A Luis Rivano lo conocí los últimos días de junio del 2006, lo recuerdo bien. El encuentro fue fortuito y se debió en realidad a imprecisiones, a una alegre y espectacular falta de tino. Recuerdo perfectamente que en ese momento estaba al acecho de cualquier libro de Rivano que se me apareciera, y también recuerdo que esperaba con especial interés encontrarme en algún momento con El rectángulo de Brueghel. El nombre me causaba una gracia ingenua y una fascinación un poco absurda; no tenía la menor idea qué podía encontrar en las páginas de Rivano sobre Brueghel, pero en un mundo en que la perfección tiene forma de esferas y triángulos, un humilde rectángulo parecía prometedor. El nombre además era notable por su simpleza; probablemente El dodecaedro de Brueghel o El icosaedro de Brueghel no habrían causado quizás en nadie el mismo interés. Pero quién sabe. No encontré a Brueghel ni a Rivano pero di por azar genealógico, alcances onomásticos y, claro está, ansiedad, con Tirar a matar. Rápidamente entendí que cualquiera puede escribir como escribe Rivano, pero sólo Rivano lo escribe. Unos meses después caí en cuenta que los Brueghel también eran más de uno.

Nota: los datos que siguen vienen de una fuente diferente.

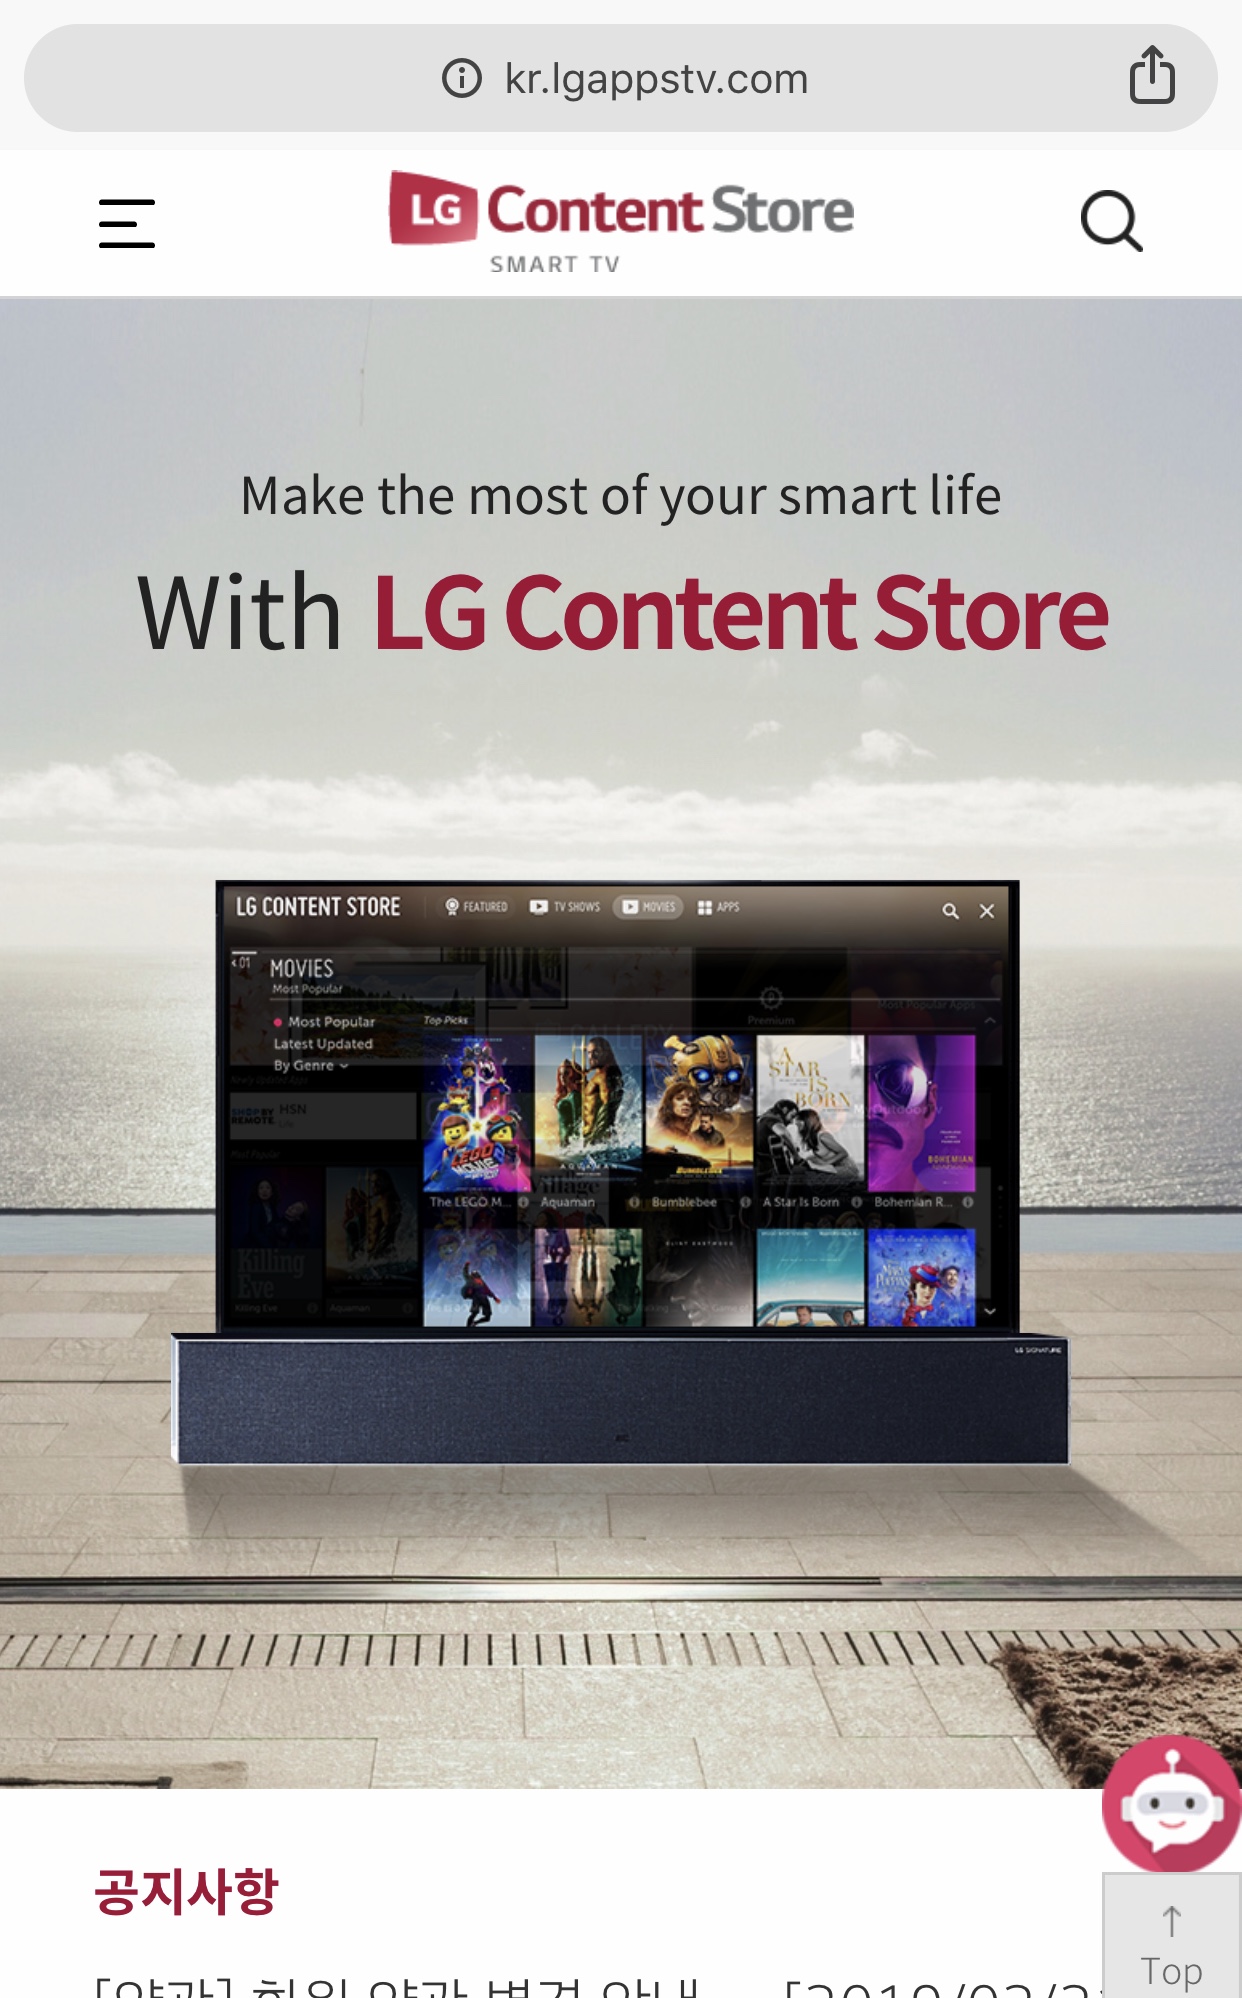 LG Content Store 모바일 대표​ 홈페이지 스크릿샷

“Publiqué Tirar a matar. Ahí quedé helado. No pasó nada nuevamente y yo estoy dispuesto a defender mi libro número seis contra cualquiera. Después de Tirar a matar empecé a inquietarme. ¡Qué crestas pasaba! Por qué no tenía el éxito que creía merecer. Empecé a sacar mis cuentas con cuidado. No quería caer en injusticias.”
Para los días de Tirar a matar Rivano ya había publicado Esto no es el paraíso y El apuntamiento, dos novelas que editorial Zig–Zag se había negado publicar tras consultar por la comodidad (o incomodidad) de Carabineros de Chile por algunos pasajes que Rivano no estimó necesario suprimir. No sé cuándo tocó el éxito a la puerta de Rivano, y tampoco sé si lo que Rivano entendía por éxito en 1971 es lo que hoy damos a entender por éxito (quizás, y sólo a modo de hipótesis, que Roberto Placilla, “matón a sueldo y distribuidor de drogas heroicas”, leyera Hijo de ladrón suponía para Rivano el éxito de Rojas; quizás que la historia que Pedro Ivanovic escribiría sobre el Reyno de Chile aparezca en algún pasaje de alguna novela de alguien como Rivano; pero esa es otra historia).

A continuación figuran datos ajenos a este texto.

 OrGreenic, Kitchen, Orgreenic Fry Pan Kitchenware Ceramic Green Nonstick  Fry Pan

Por pura casualidad genética y contingencia geopolítica diríamos chileno, croata, yugoslavo, esloveno, ucraniano y cosaco ruteno; austrohúngaro de pura convicción. Pedro Ivanovic creció en el paradero 27 de la Gran Avenida, en La Cisterna, pero se formó en la frontera occidental, imaginaria en cualquier caso, heredada, de un imperio que los Habsburgo verían derrumbarse tras las embestidas del siglo XX y de los Balcanes. Estudiante dos veces, de niño y de adolescente, periodista, jardinero, terrorista: profesiones y oficios, claro está –a excepción de la jardinería– bastante afines. Probablemente no podría haber sido de otra manera, sobrevivir aún imaginariamente a los Balcanes implica una exhaustiva propensión a la búsqueda de coherencias.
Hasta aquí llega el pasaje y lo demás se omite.